Description
Nagios Cloudwatch is a set of scripts to help with the Nagios (and derivates) monitoring of Amazon Cloud resources. Features includes:
- Amazon AWS cost monitoring
- Amazon EC2
- Instance running - Shows the running status of an instance
- Statistics metrics - Lets you monitor and alert on all AWS EC2 metrics (like CPUUtilization)
- Amazon ELB
- Statistics metrics
Installation:
3 simple steps- Download
- Configure
- Run
Download
Either download the lastest stable release as a tar-ball or zip-file, or clone the git repository.mkdir /path/to/your/plugins
cd /path/to/your/plugins
wget -O nagios-cloudwatch.latest.tar.gz https://github.com/maglub/nagios-cloudwatch/tarball/master
tar xvzf nagios-cloudwatch.latest.tar.gz
mkdir /path/to/your/plugins
cd /path/to/your/plugins
git clone git@github.com:maglub/nagios-cloudwatch.git
cd nagios-cloudwatch
git checkout stable
Configure
- Create a read-only user in AWS and associate it with your environment
- Put the access key and secret key in a config.yml file in the same directory as these scripts (or somewhere else if you intend to use the -C parameter)
aws:
#======================
#--- authentication
#======================
access_key_id: YOUR_ACCESS_KEY
secret_access_key: YOUR_SECRET_KEY
#========================================
#--- default region, unless overridden on the command line
#========================================
#--- possible regions us-west-1 us-west-2 eu-west-1, etc...
region: us-west-2
#======================
#--- Proxy config
#======================
#proxy_uri: http://user:passwd@IP:PORT
Run
Here are a couple of examples on how to run the script:
$ ./check_cloudwatch.rb --ec2 --list-instances
Name: vpn-v001ec2 Id: i-91f62199 privateIp: 192.168.99.6 State: Zone: running
Name: kmg-test002ec2 Id: i-7ef62176 privateIp: 192.168.99.10 State: Zone: running
Name: win-test003ec2 Id: i-9956e691 privateIp: 192.168.99.20 State: Zone: stopped
$ ./check_cloudwatch.rb --ec2 --instance=i-7ef62176 --list-metrics
i-7ef62176;CPUUtilization
i-7ef62176;StatusCheckFailed_System
i-7ef62176;DiskWriteBytes
i-7ef62176;NetworkIn
i-7ef62176;DiskReadOps
i-7ef62176;NetworkOut
i-7ef62176;StatusCheckFailed_Instance
i-7ef62176;DiskReadBytes
i-7ef62176;DiskWriteOps
i-7ef62176;StatusCheckFailed
$ ./check_cloudwatch.rb --ec2 --instance=i-7ef62176 --metric=CPUUtilization --window=600 --period=300 -w 80 -c 95
OK - Id: i-7ef62176 Metric: CPUUtilization, Last Value: 0.334000 Unit: Percent (2014-06-16 15:43:00 UTC)
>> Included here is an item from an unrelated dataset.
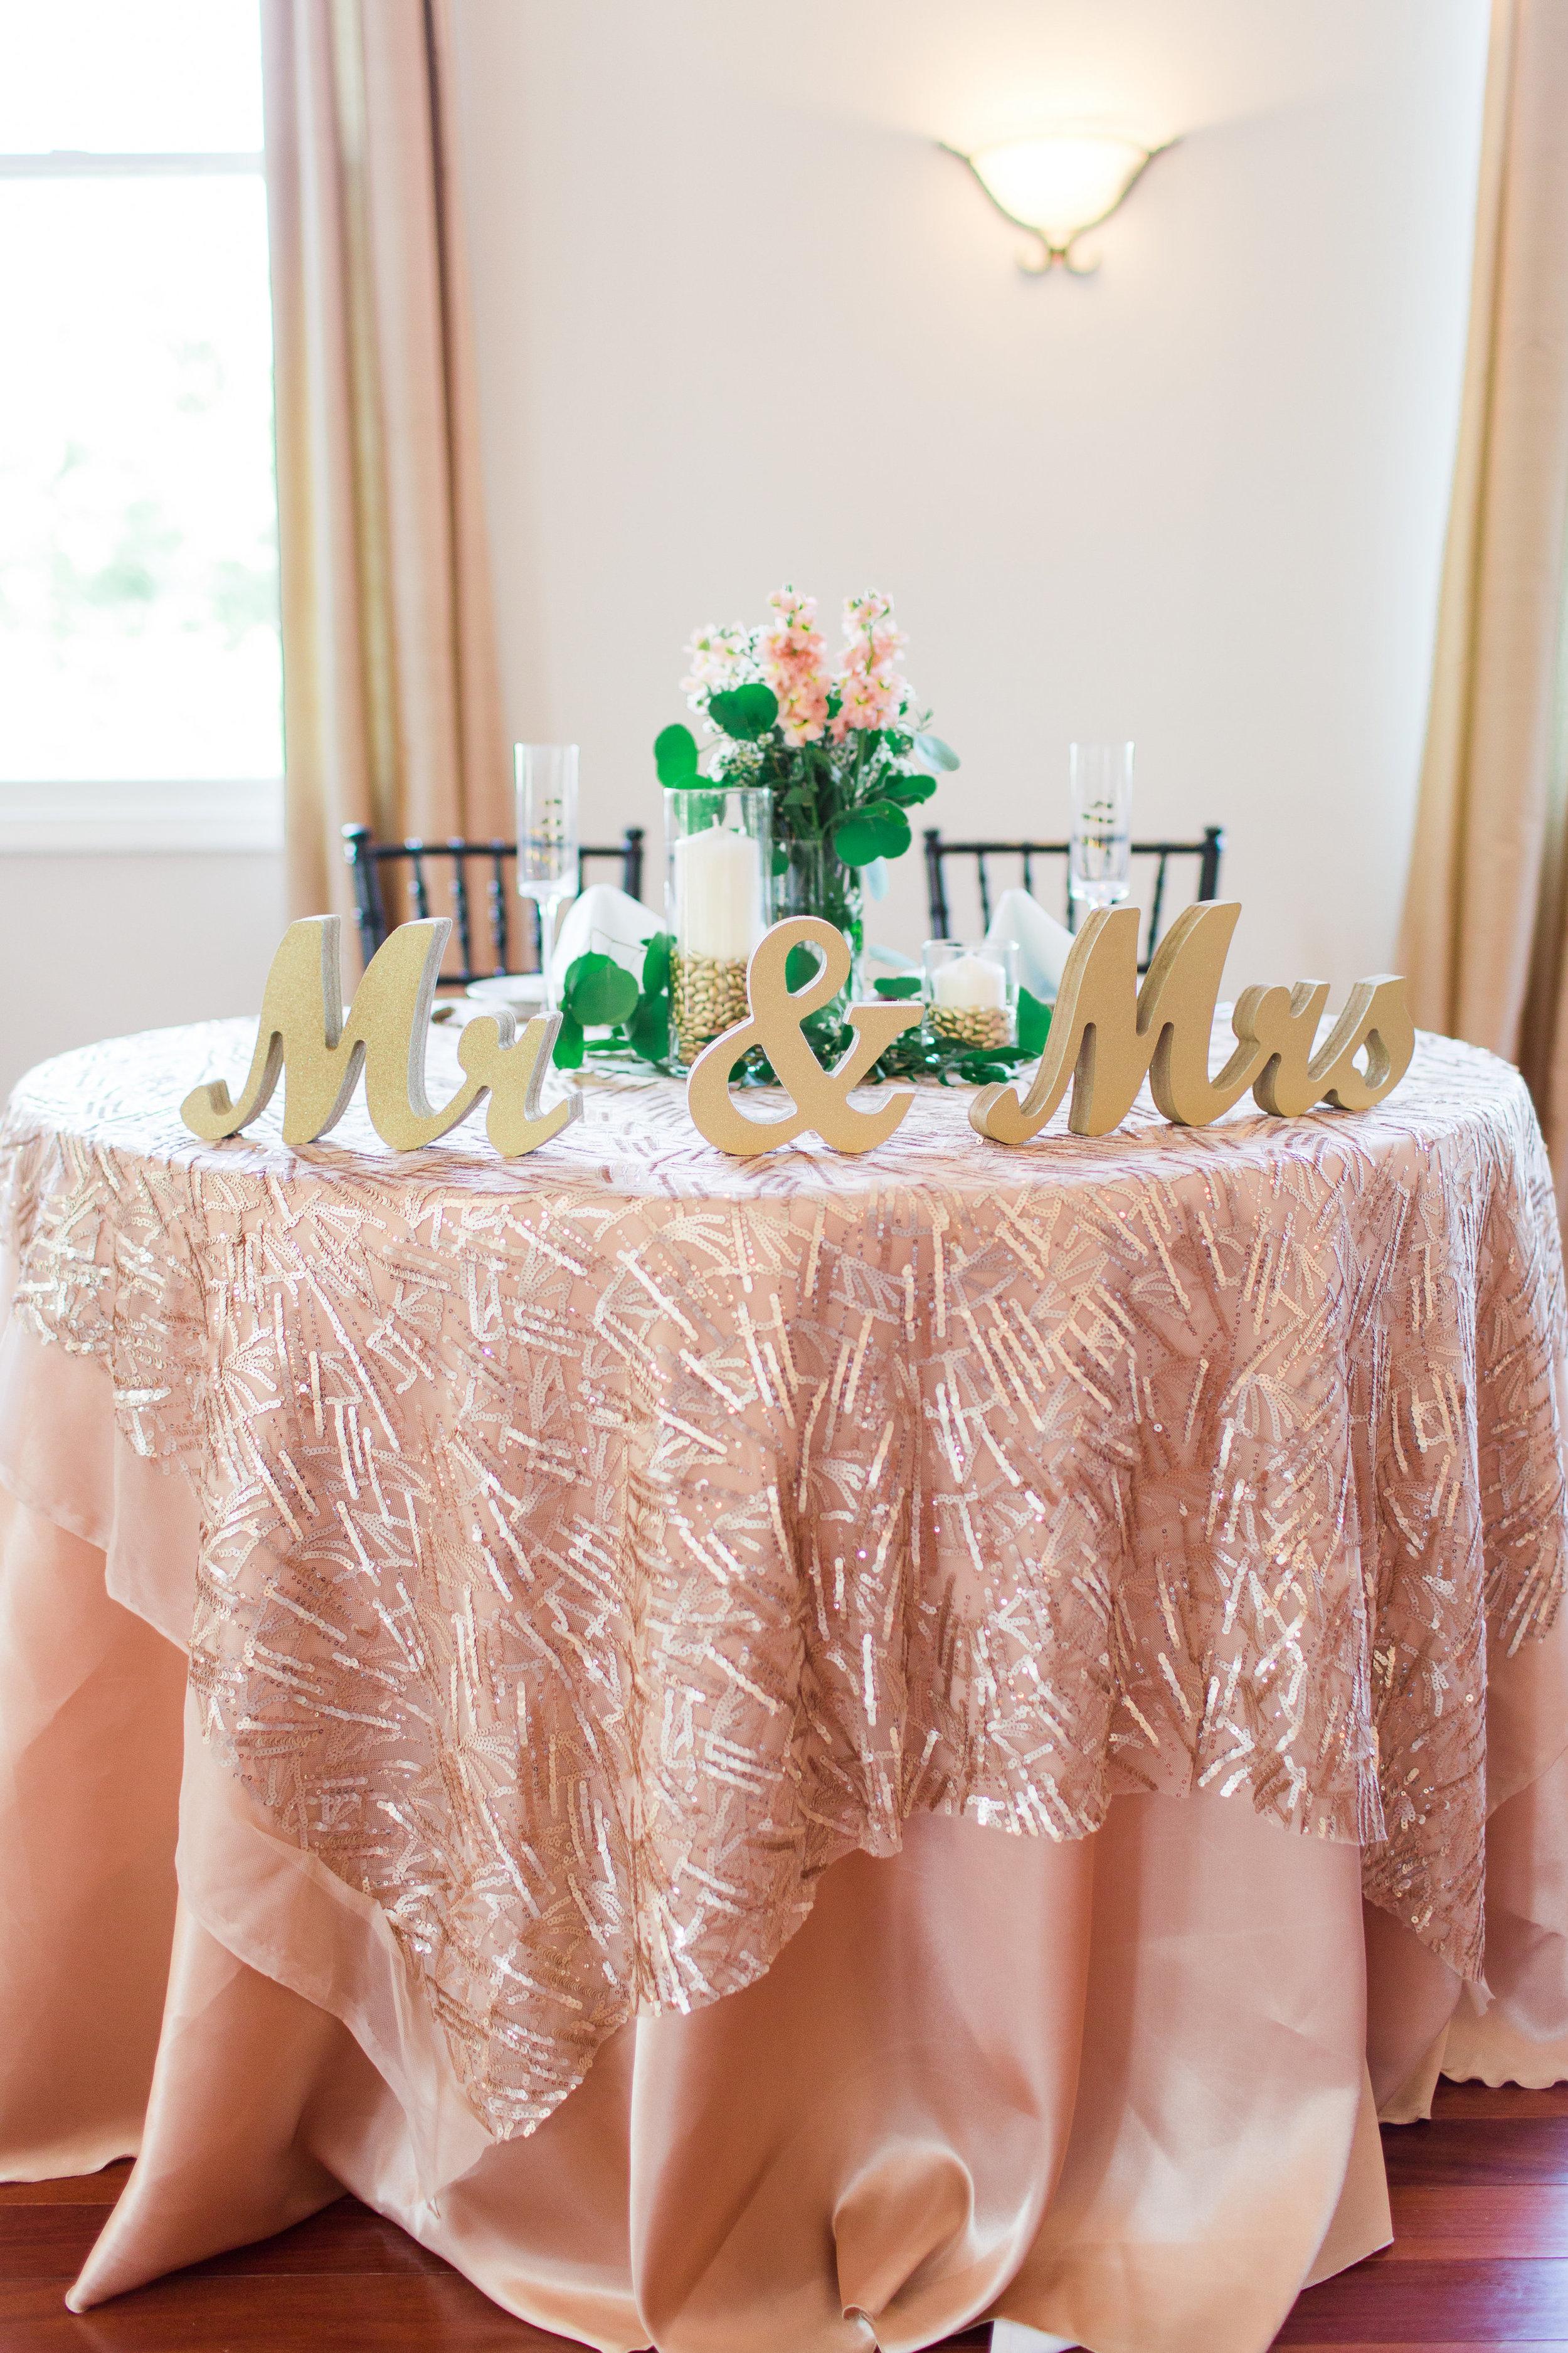 Plantation-On-Sunnybrook-Wedding-Photos_Roanoke-Wedding-Photographer_Jessica-Gre-0027.jpg

|Average=0.334000 Minimum=0.000000 Maximum=1.670000 Sum=1.670000
Pre requisites
Ruby
Ubuntu 12.04 LTS
If your installation come with ruby 1.8, you might have to start the script with /usr/bin/ruby1.9.1 ./check_cloudwatch.rb
, unless you follow the second step on how to make ruby1.9.1 default in your installation.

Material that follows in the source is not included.